Did he not remember it was he who destroyed her life? Stole her from her beloved?

In attempt to amend her previous bewilderment, Bulma pushed him away from her. Luckily, the act caught him off guard, giving her the advantage to the peculiar situation. No one had ever rejected him, this evident within the dumfounded expression contorting his face, though a mask of indifference quickly replaced it. Bulma scoffed, he was offended, and she was happy to be the first to do so.

"Don't assume to touch me," she gritted out, barley containing the rage welling within the depths of her being. Oddly enough it wasn't all directed to him, for self-loathing was present, especially the traitorous body that still wished to reach out to him.

"You seemed willing enough," Vegeta rebuked without thinking.

By the malicious glint that entered her azure depths, he could only guess his choice of words were- misplaced? Dear God, the woman looked like she was going to tear him apart. Furrowing his brows in concentration, he tried to recover from his previous fault.

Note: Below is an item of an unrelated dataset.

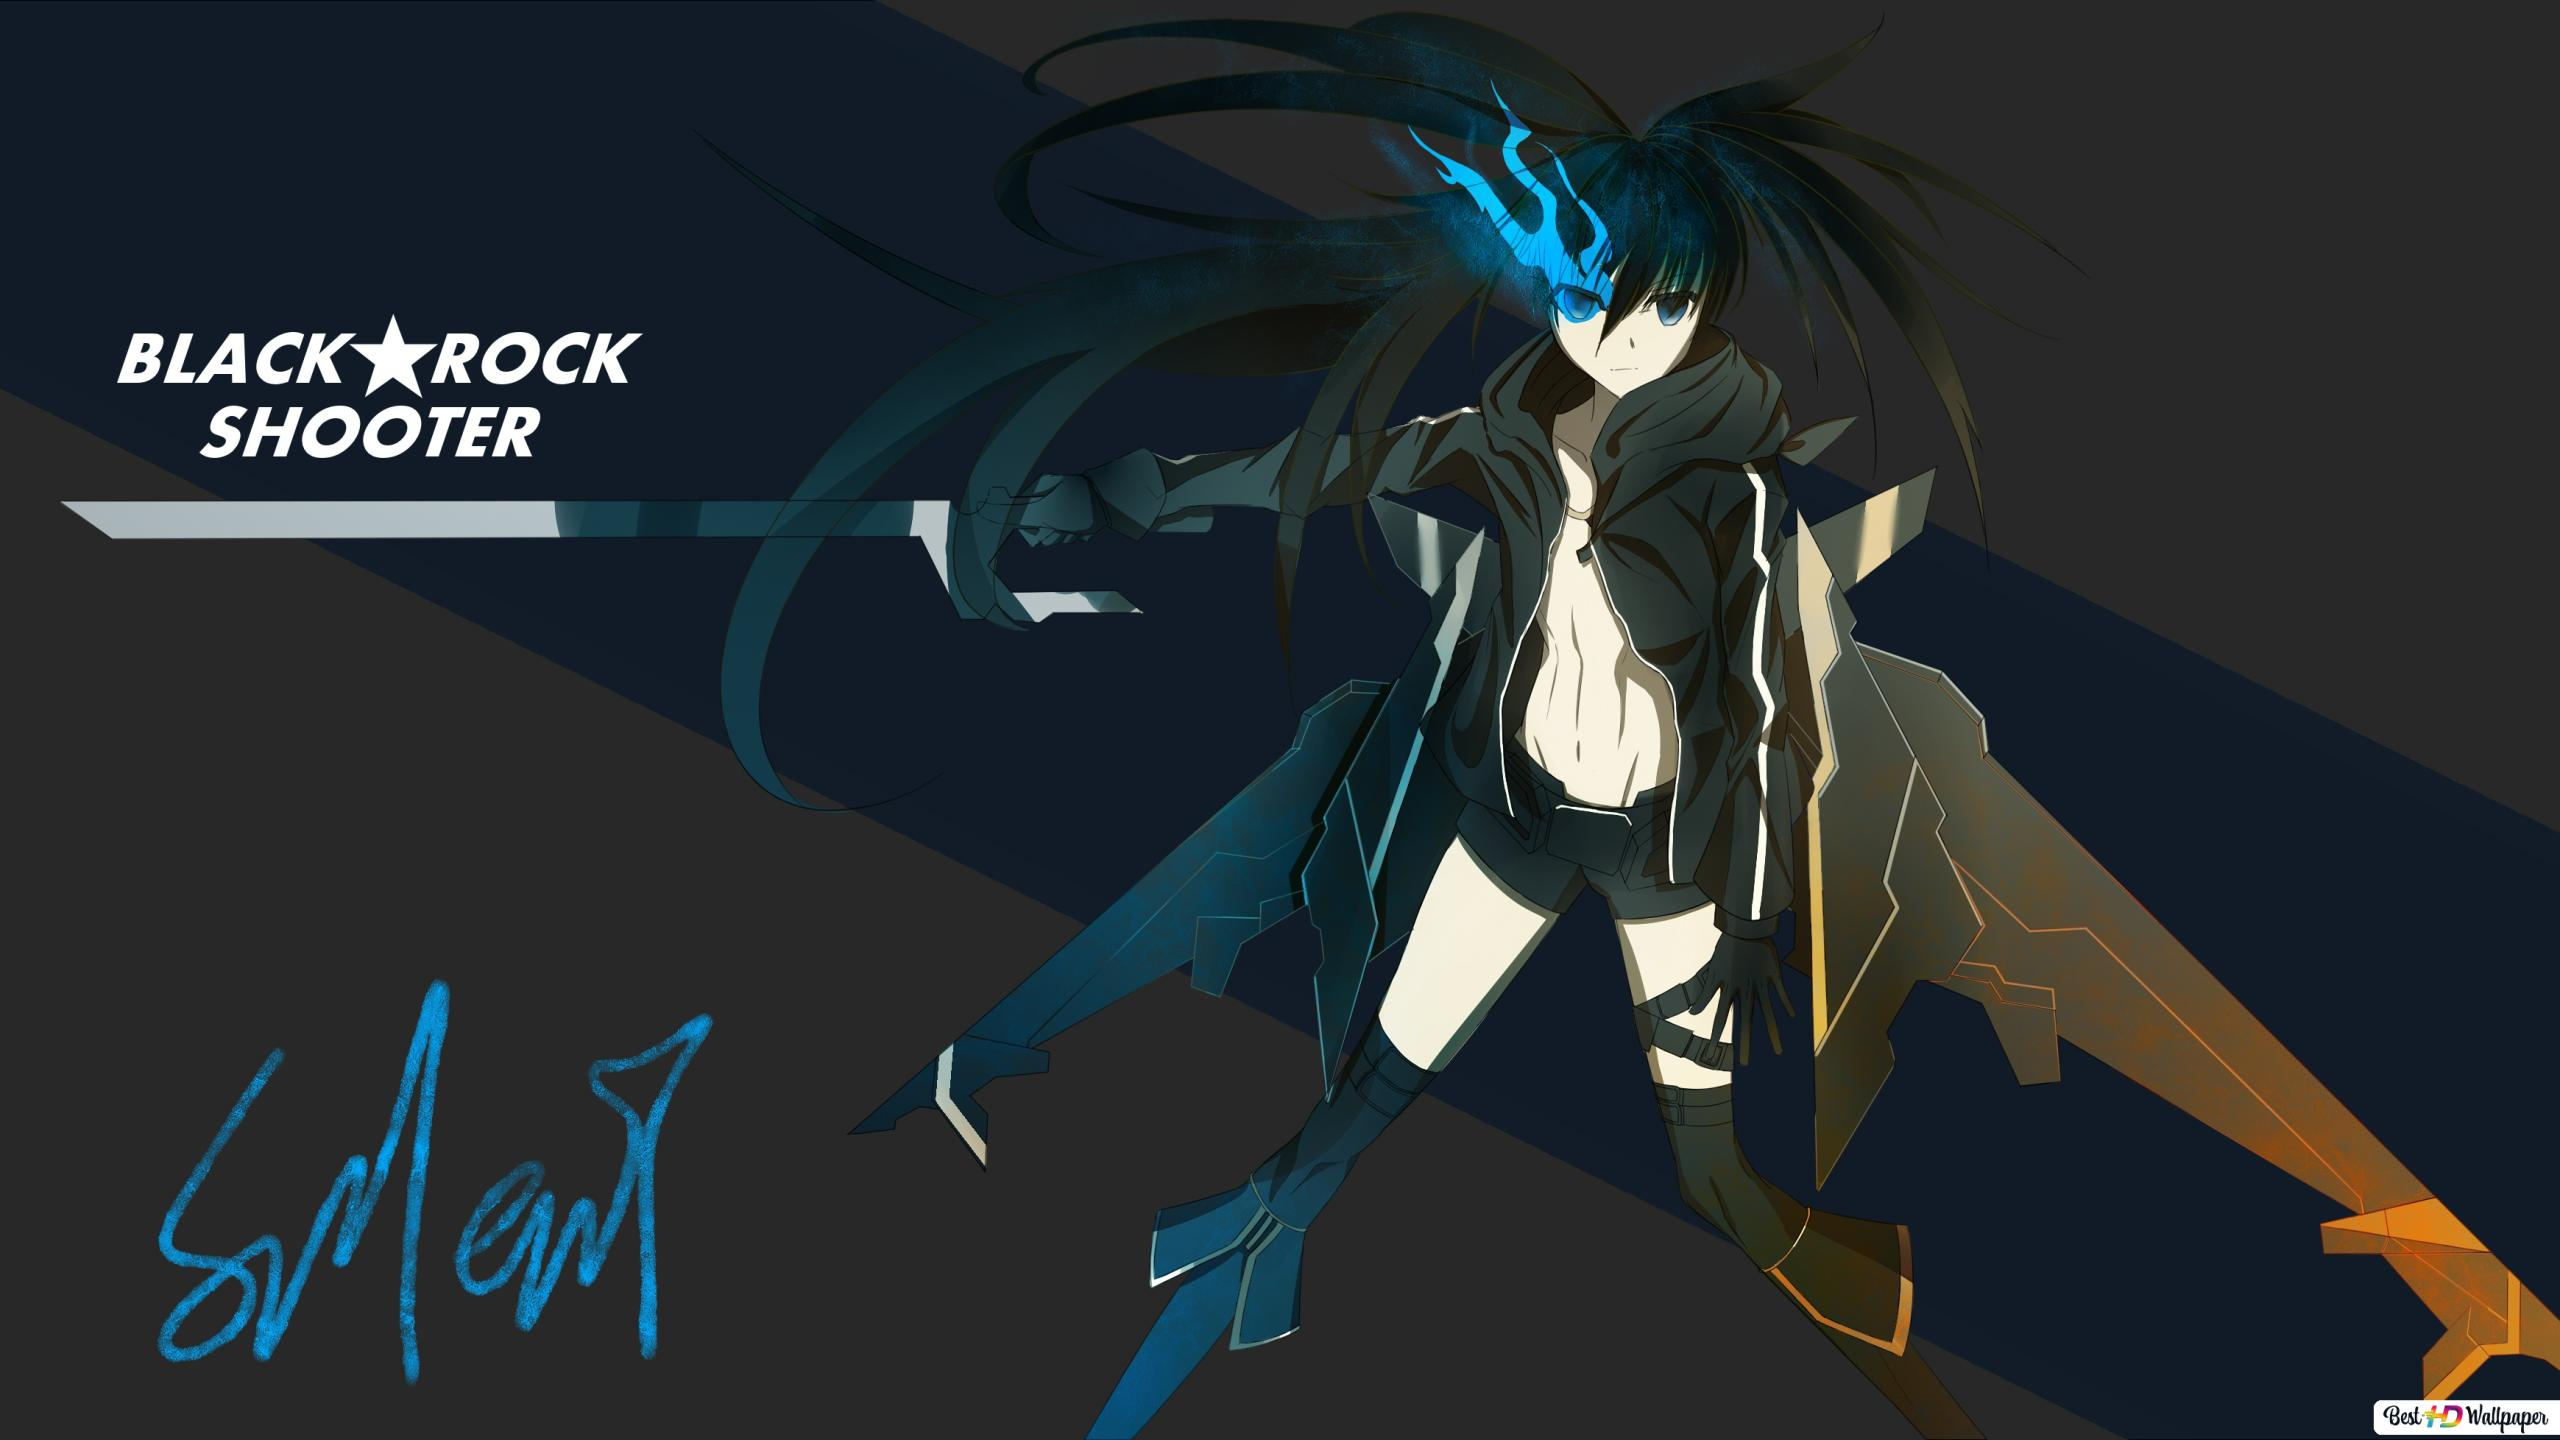 Black Rock Shooter Mato Kuroi Hd Wallpaper Download

"If. You. Ever. Touch me. Again," Bulma ground out, "So help me, I'll castrate you- you fiend."

"I hardly see that necessary," Vegeta sneered vehemently.

"We obviously have different perspectives, then," Bulma stated condescendingly.

"Obviously," he snorted, walking past her with regal posture, taking a seat on the bed behind her, the soft satin linen giving a sensual glow to his being with its red-wine coloring. When she didn't make any move to leave, Vegeta dutifully pointed out, "The door is in the same place."

Bulma promptly exited, her hips swaying tauntingly away from him. Damned woman, did she know how she affected men?

"Oh- and Mr. Ouji," Bulma's voice called once outside of his room.

"Yes," he broached haughtily.

"You can't have it."

"Pray, what are you speaking of," Vegeta questioned blandly, interest within her statements vanished.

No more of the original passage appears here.